DATA BELOW =
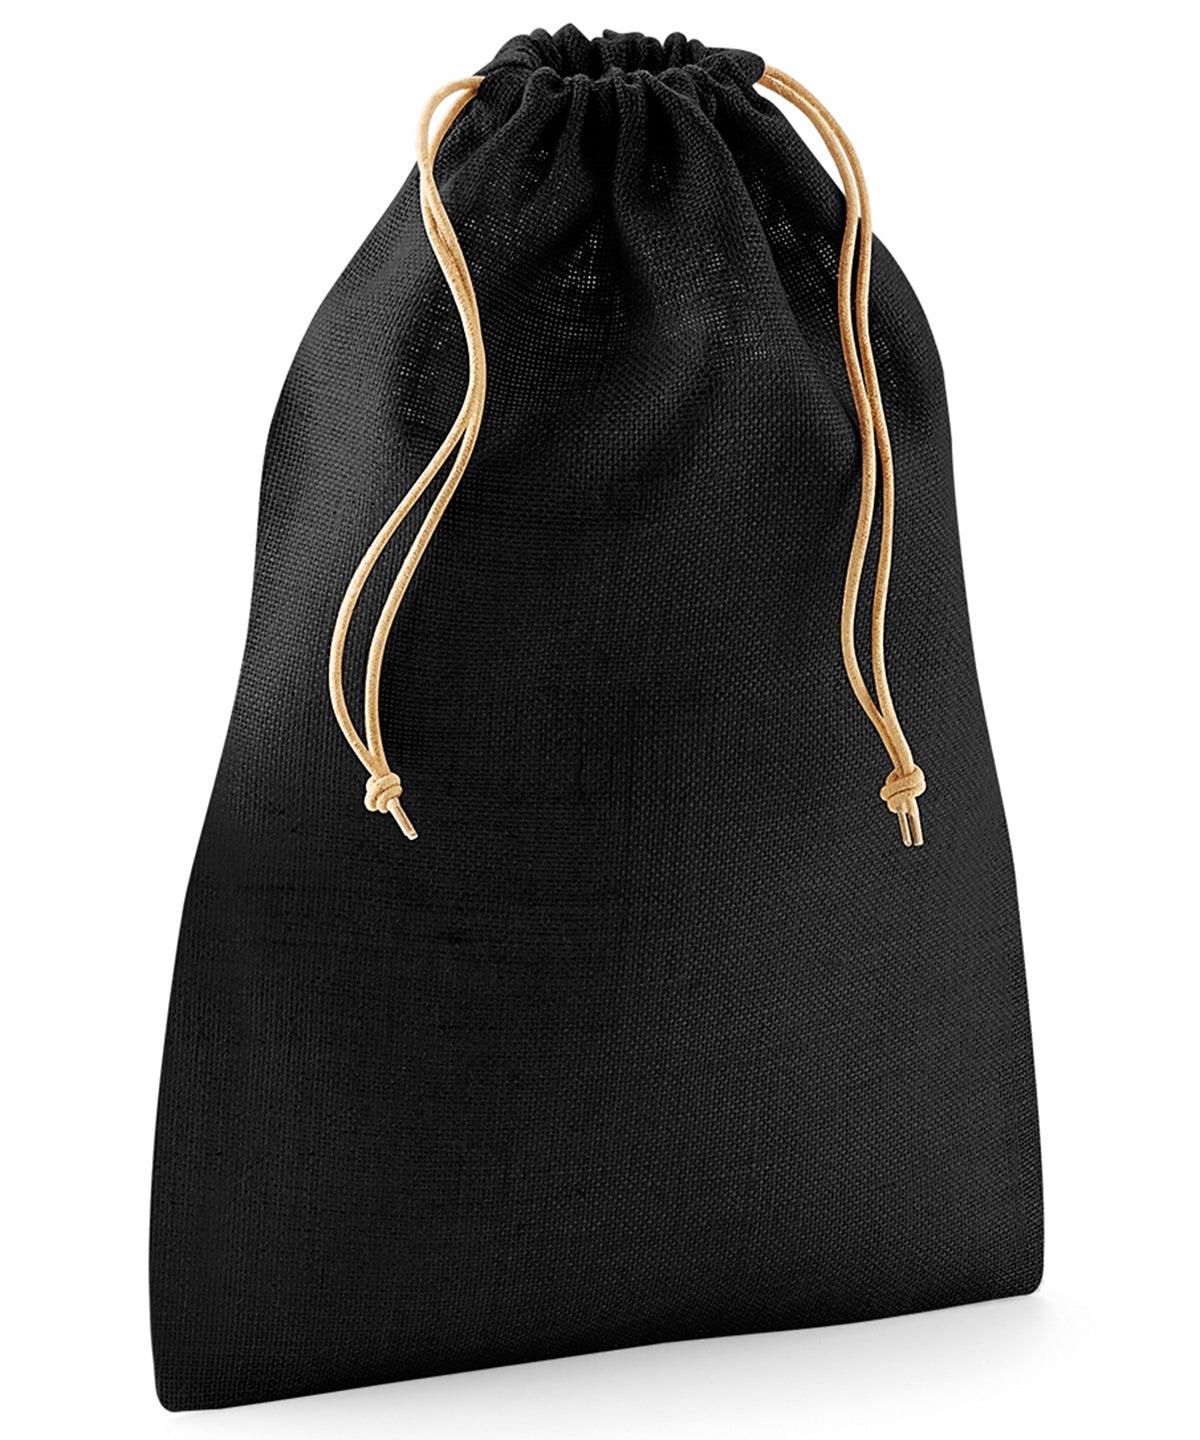 Black/Natural - Jute stuff bag Bags Westford Mill Bags & Luggage, New Colours for 2021 Schoolwear Centres
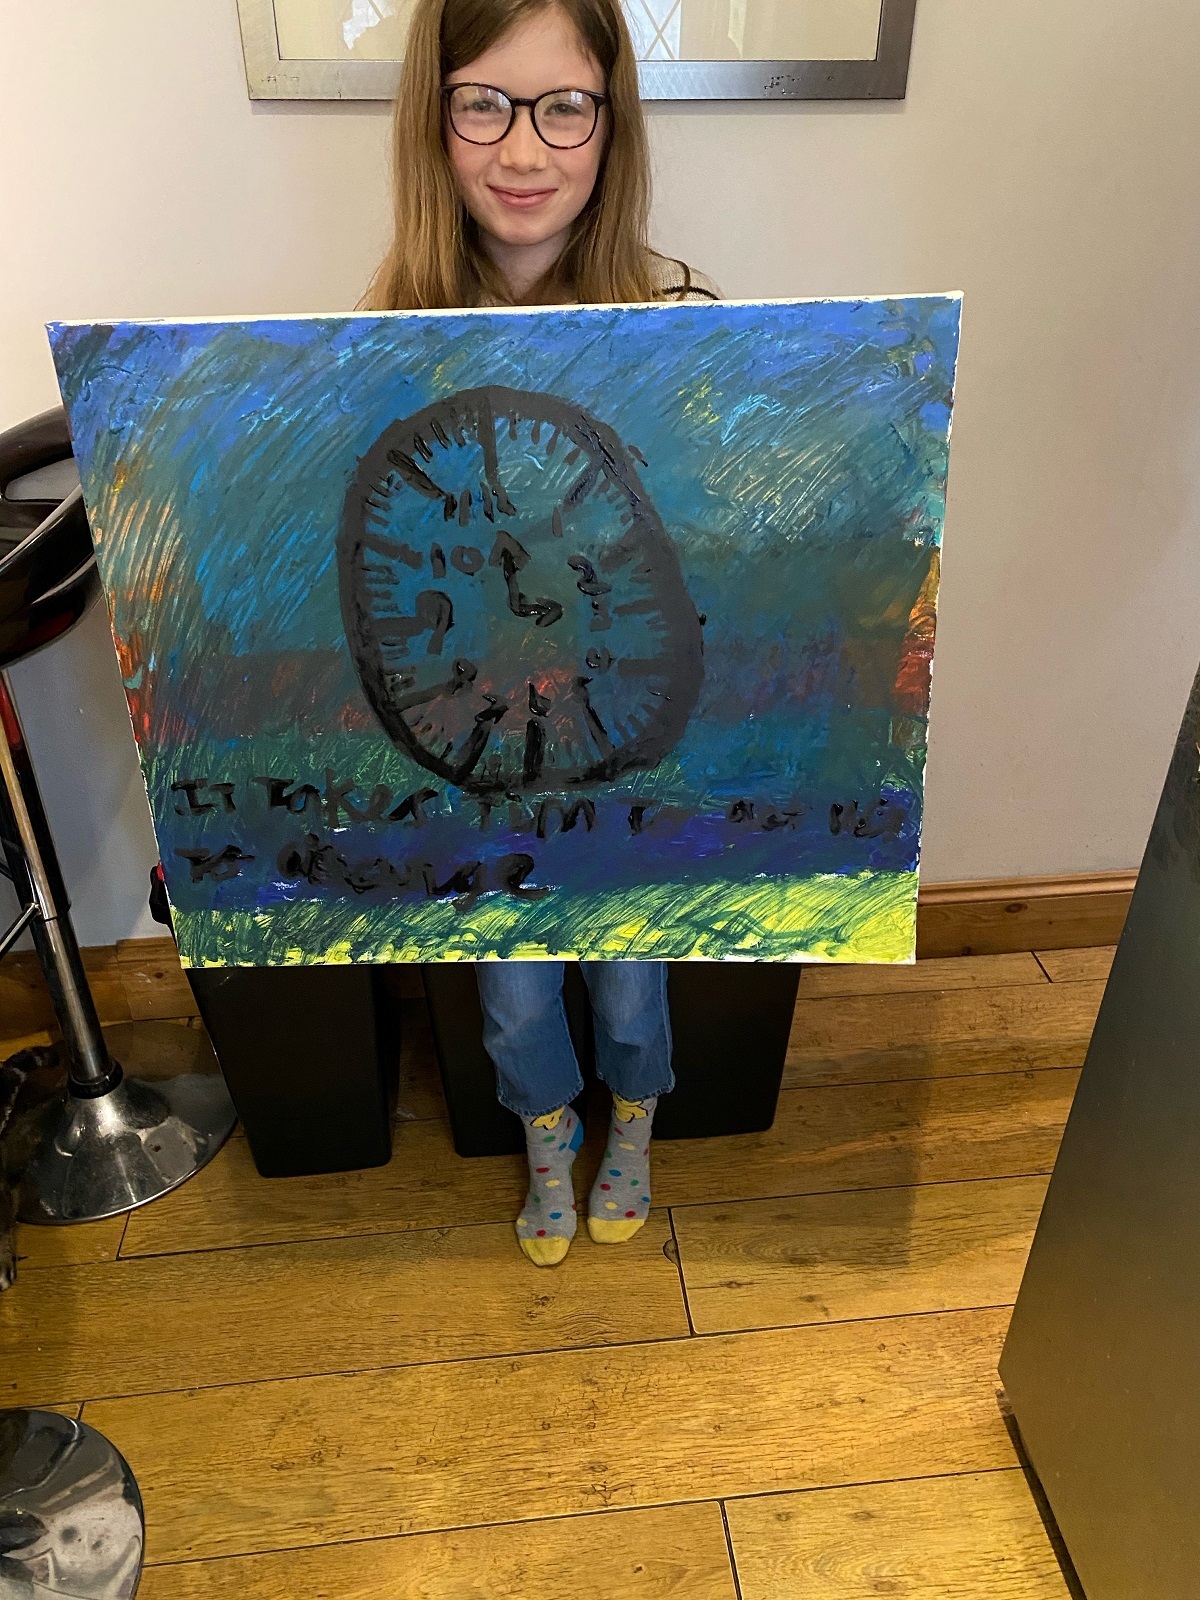 Hands of time - Imogen Tyers, ten, used her imagination to paint this picture
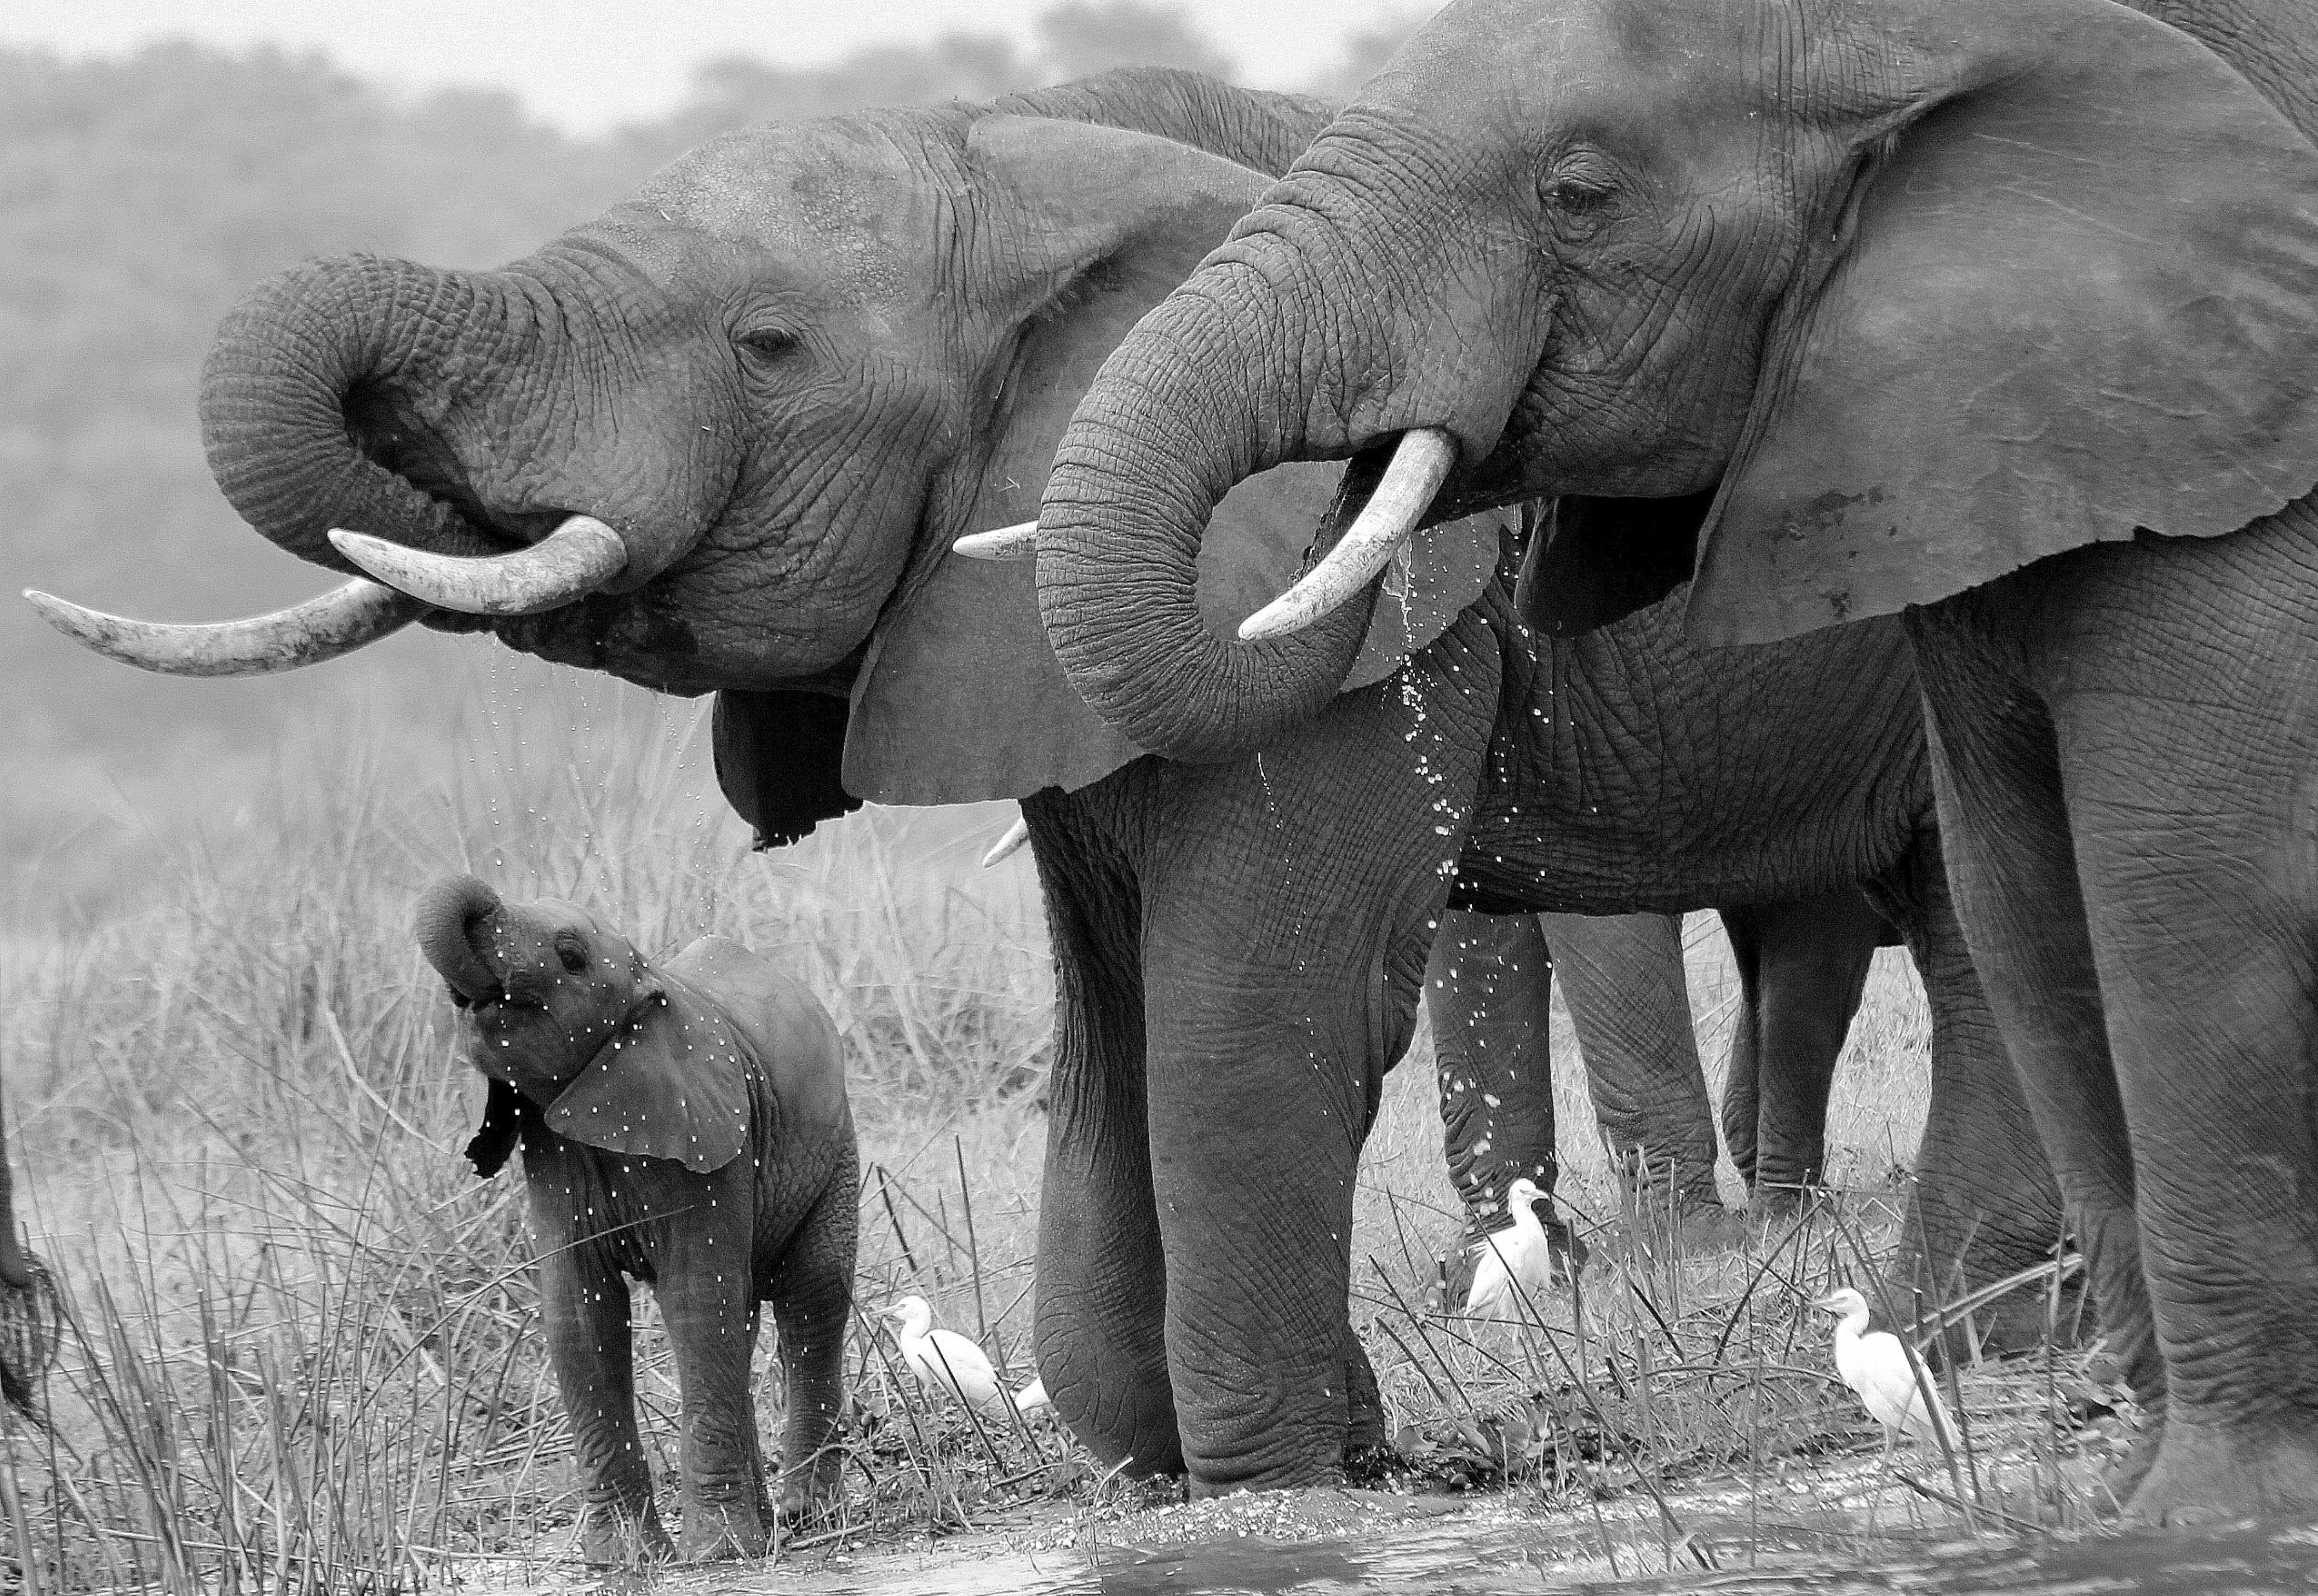 Elephants drinking, Malawi, Africa by Craig Manners

TASK =
Please give all of the data again, exact and free of pictures.

RESPONSE AREA =
 Black/Natural - Jute stuff bag Bags Westford Mill Bags & Luggage, New Colours for 2021 Schoolwear Centres
 Hands of time - Imogen Tyers, ten, used her imagination to paint this picture
 Elephants drinking, Malawi, Africa by Craig Manners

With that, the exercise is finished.